Here the job is to transcribe the data exactly while omitting the images.

Collected material -
.....
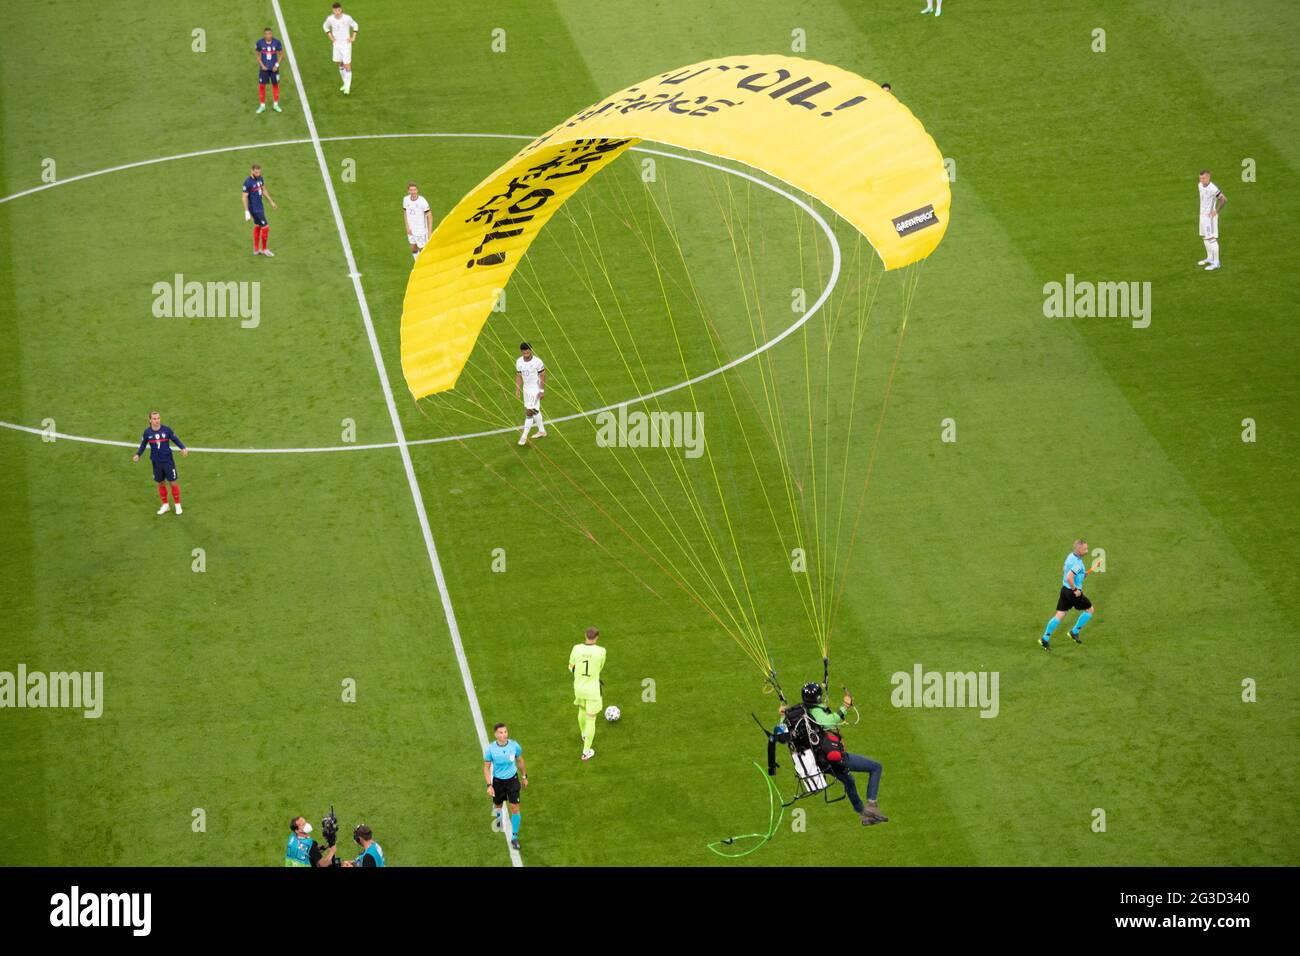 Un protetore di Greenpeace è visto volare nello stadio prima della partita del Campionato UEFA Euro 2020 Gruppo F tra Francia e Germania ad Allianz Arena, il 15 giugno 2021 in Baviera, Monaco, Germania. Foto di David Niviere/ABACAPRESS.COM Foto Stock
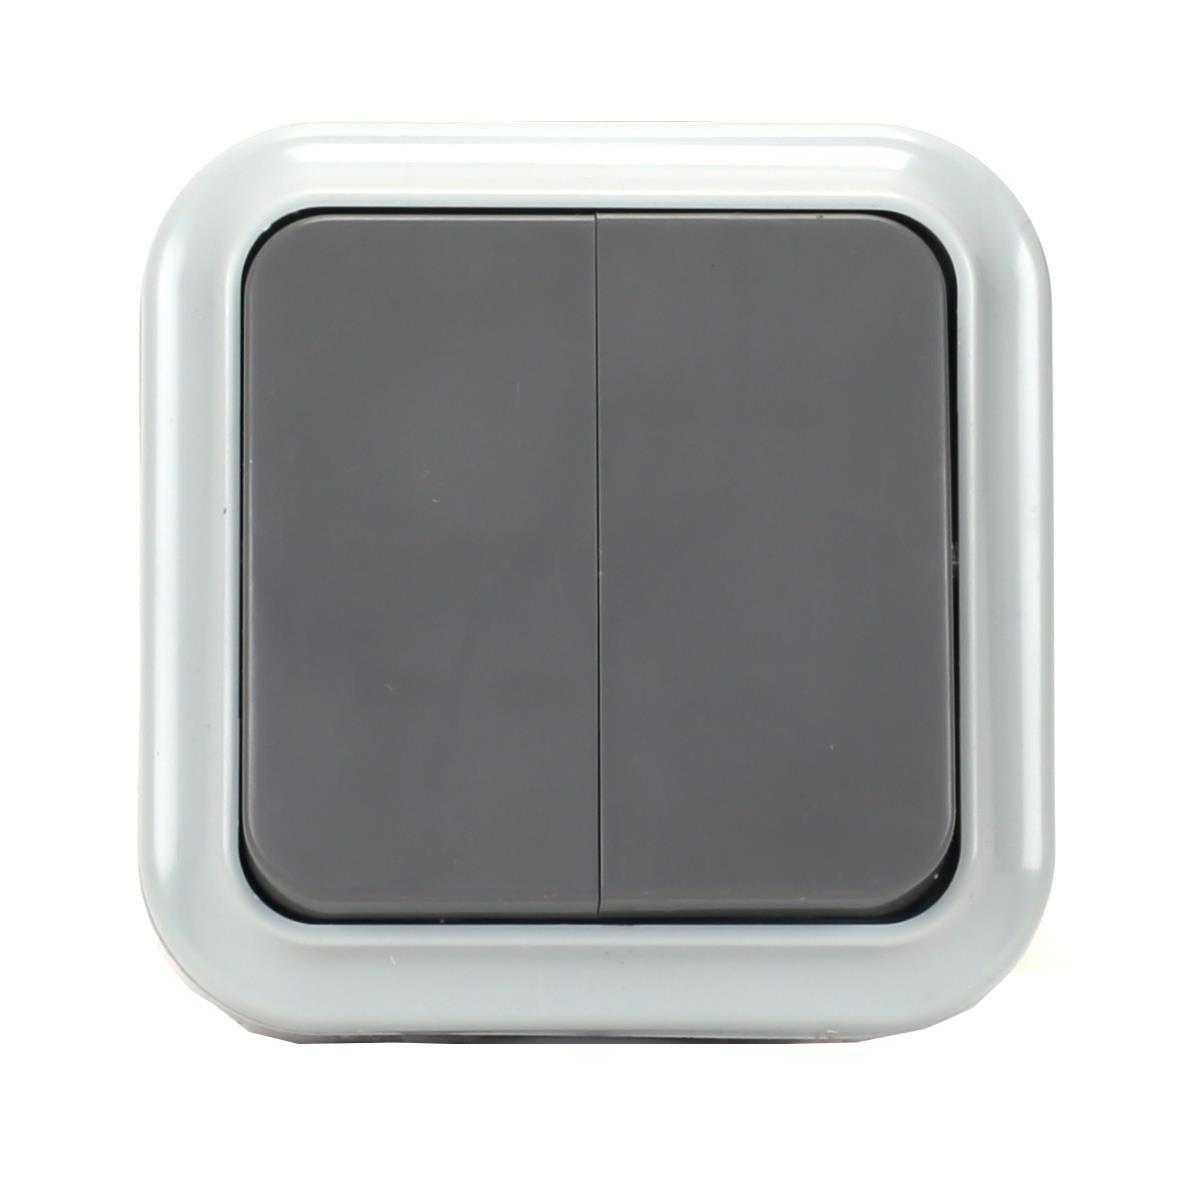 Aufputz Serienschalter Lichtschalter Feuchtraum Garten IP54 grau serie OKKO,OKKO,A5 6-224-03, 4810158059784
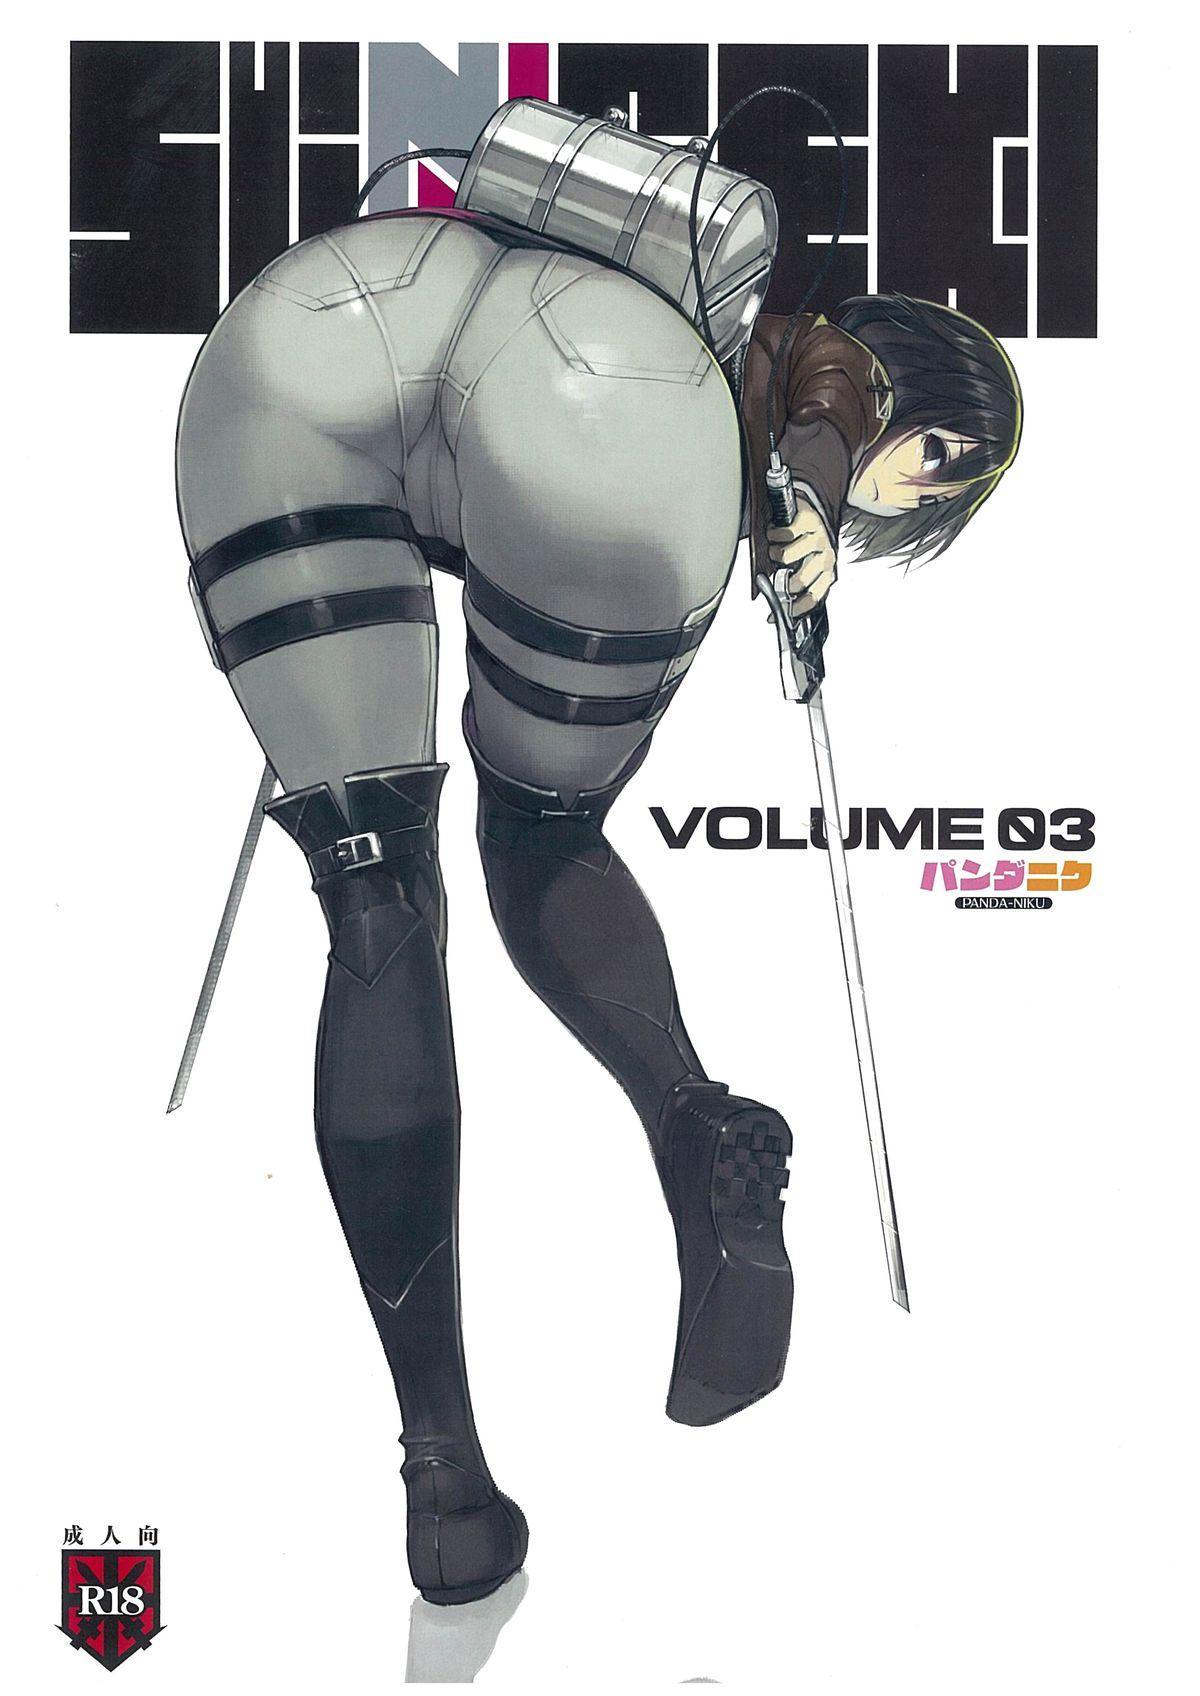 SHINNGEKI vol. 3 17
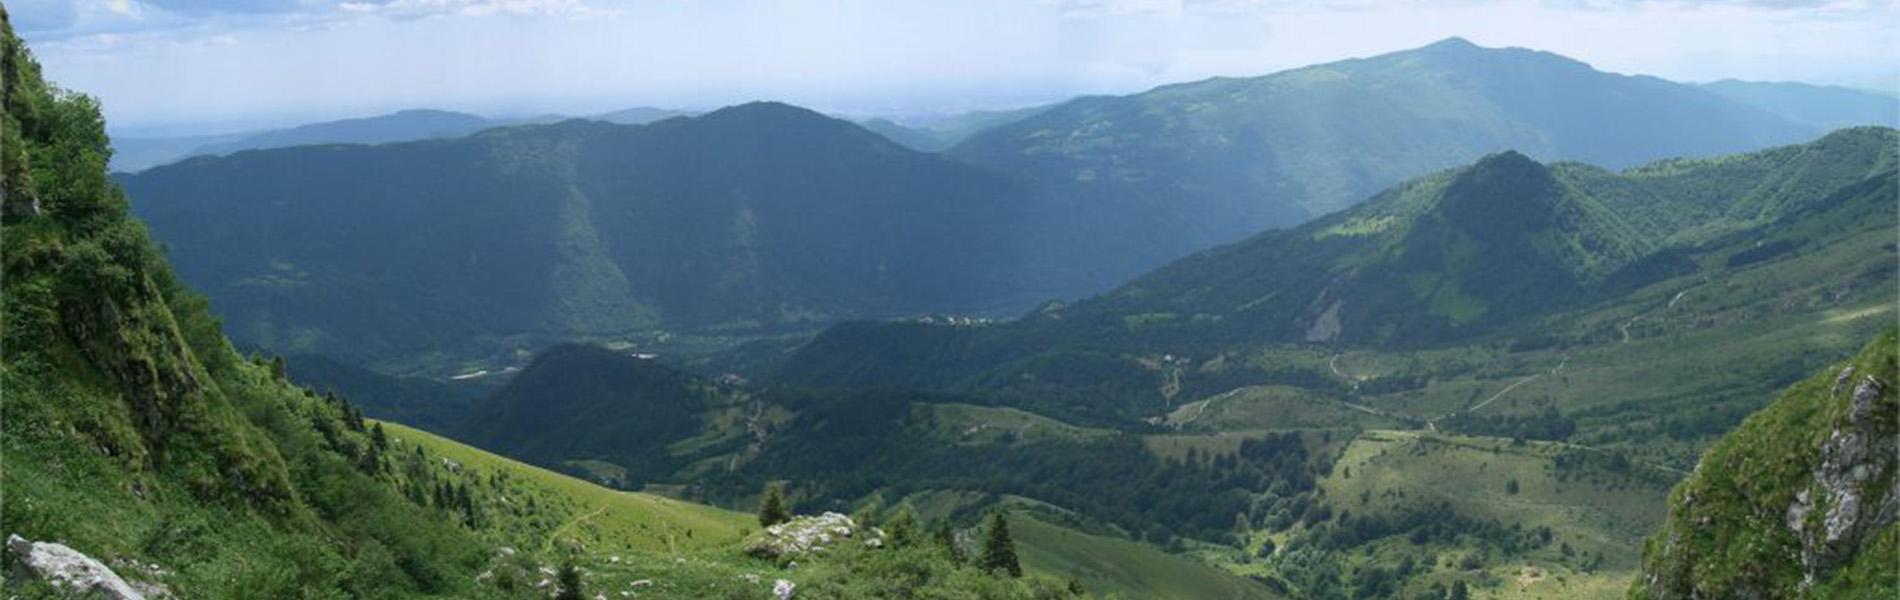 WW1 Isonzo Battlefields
.....
Reply -
 Un protetore di Greenpeace è visto volare nello stadio prima della partita del Campionato UEFA Euro 2020 Gruppo F tra Francia e Germania ad Allianz Arena, il 15 giugno 2021 in Baviera, Monaco, Germania. Foto di David Niviere/ABACAPRESS.COM Foto Stock
 Aufputz Serienschalter Lichtschalter Feuchtraum Garten IP54 grau serie OKKO,OKKO,A5 6-224-03, 4810158059784
 SHINNGEKI vol. 3 17
 WW1 Isonzo Battlefields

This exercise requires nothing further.